Mein Musiker des Jahres

Ein Konzertbesuch, vor allem in klassischen Gefilden, kann zuweilen den Charakter einer musikwissenschaftlichen Vorlesung oder einer emotionalen Offenbarung annehmen, wenn Veranstalter, Komponist und Interpret das dringende Beduerfnis verspueren, erklaeren, begruenden, kommentieren zu muessen. Rettend in diesem Zusammenhang ist der Gedanke an ein Konzert von Bob Dylan. Bei ihm geht Zeit in Musik ueber und Worte werden, wenn ueberhaupt, nur fuer das Noetigste gebraucht – zur Begruessung, Vorstellung der Band und zur Verabschiedung. Am 24. Mai diesen Jahres wurde Dylan 65 Jahre alt. Aus diesem Anlass stellten WDR und BR Martin Scorseses >No Direction Home< vor, eine 225 Minuten waehrende Dokumentation ueber den Kuenstler.
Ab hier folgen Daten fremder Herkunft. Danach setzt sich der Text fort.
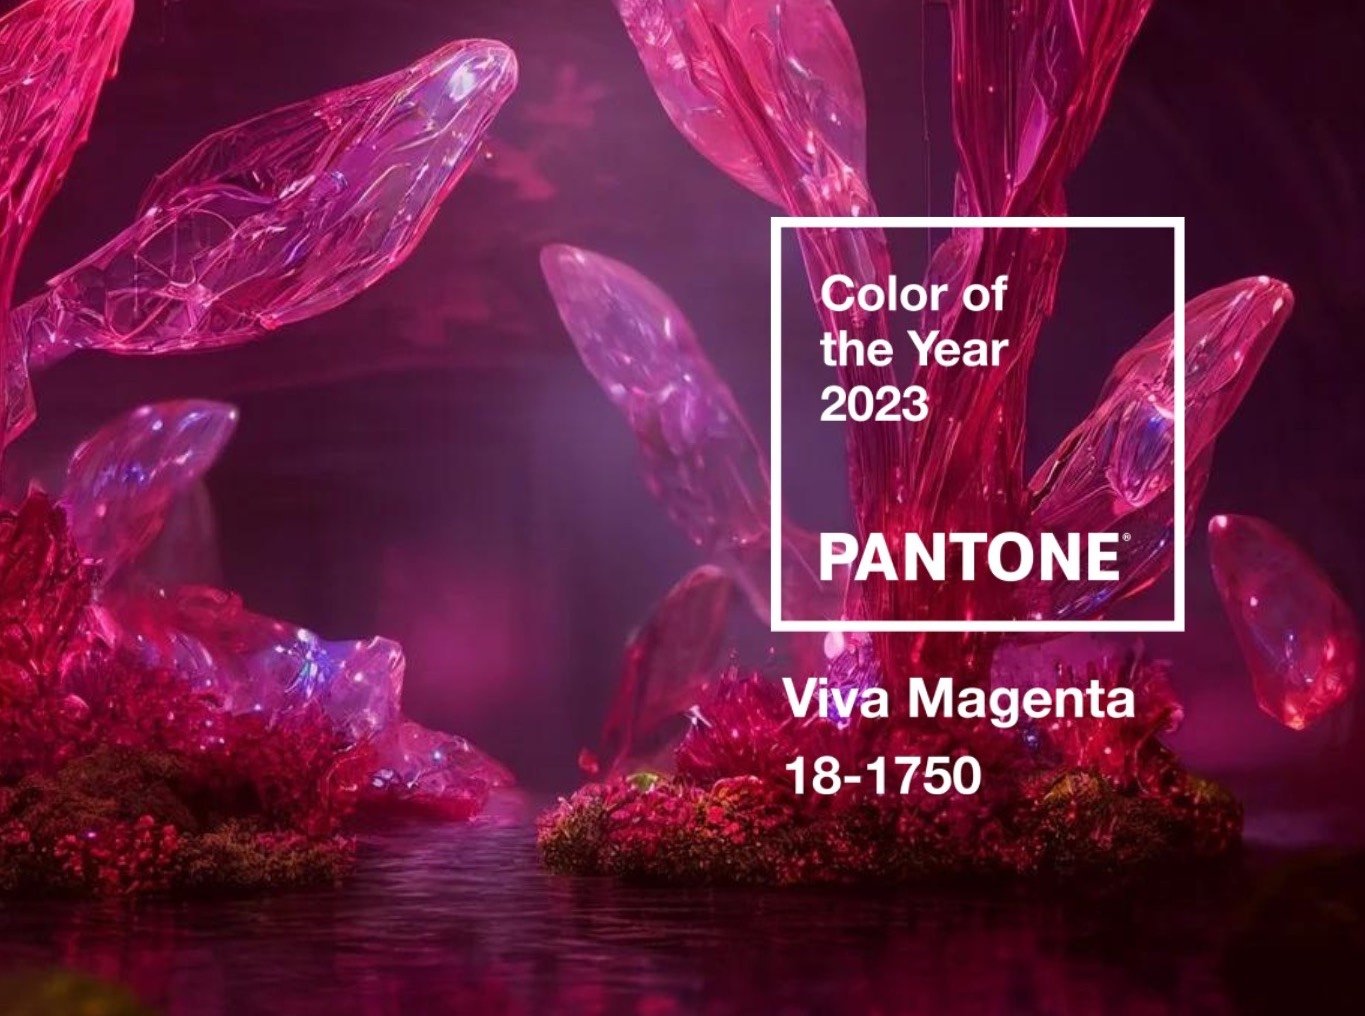 Barvou roku 2023 je dle Pantone karmínová Viva Magenta
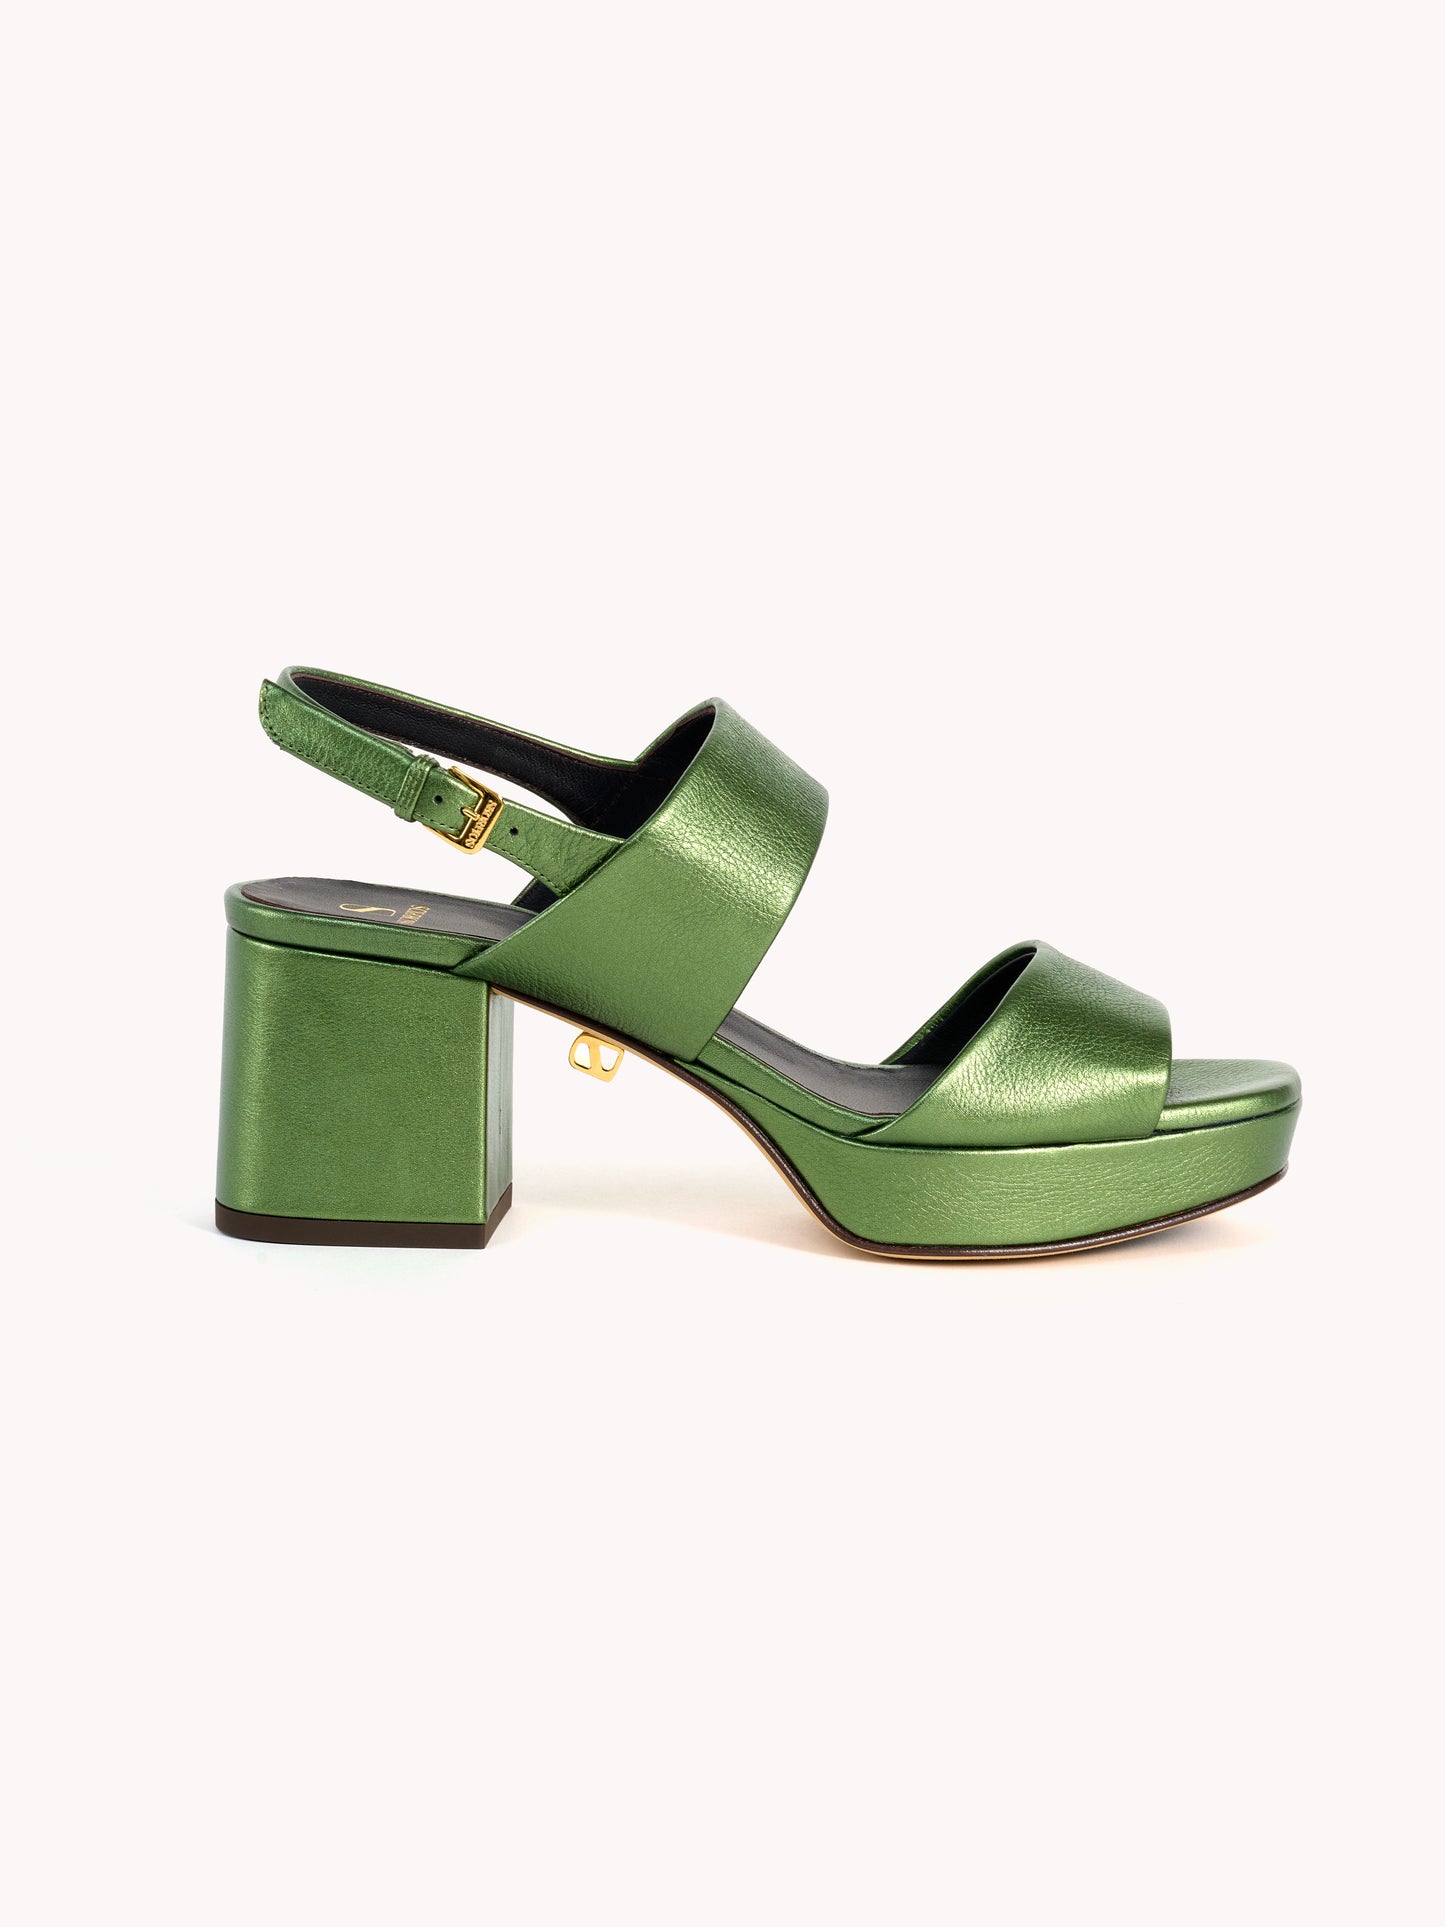 mid-heel metallic green sandals effortless chic women skorpios

Mit einer Fuelle von Archivaufnahmen und einem den Film begleitenden Interview zeichnet Scorsese Bob Dylans Werdegang nach: von den musikalischen Anfaengen bis zum Jahr 1966, als er sich fuer laengere Zeit aus der Oeffentlichkeit zurueckzog. Die Ausfuehrungen Dylans erlauben intime Blicke auf dessen musikalische Wurzeln, seine Art und Weise zu arbeiten und, eine Quintessenz des Films, auf das Problem, welches entsteht, wenn es nicht mehr nur noch einfach um Musik geht: Der Kuenstler und das Publikum, die Medien, die >Interpreten<; die Kunst und die Politik. Gerade diese Beziehungen werden von dem Hollywood-Regisseur eingehend thematisiert und kulminieren in den Interviews mit der Presse. Analyse, Interpretation, Gespraeche - liesse man Musik einmal Musik sein, haette man manchmal weit mehr davon. Was soll man schliesslich sagen, wenn man nach den >surrealen Botschaften< seiner Songs gefragt wird?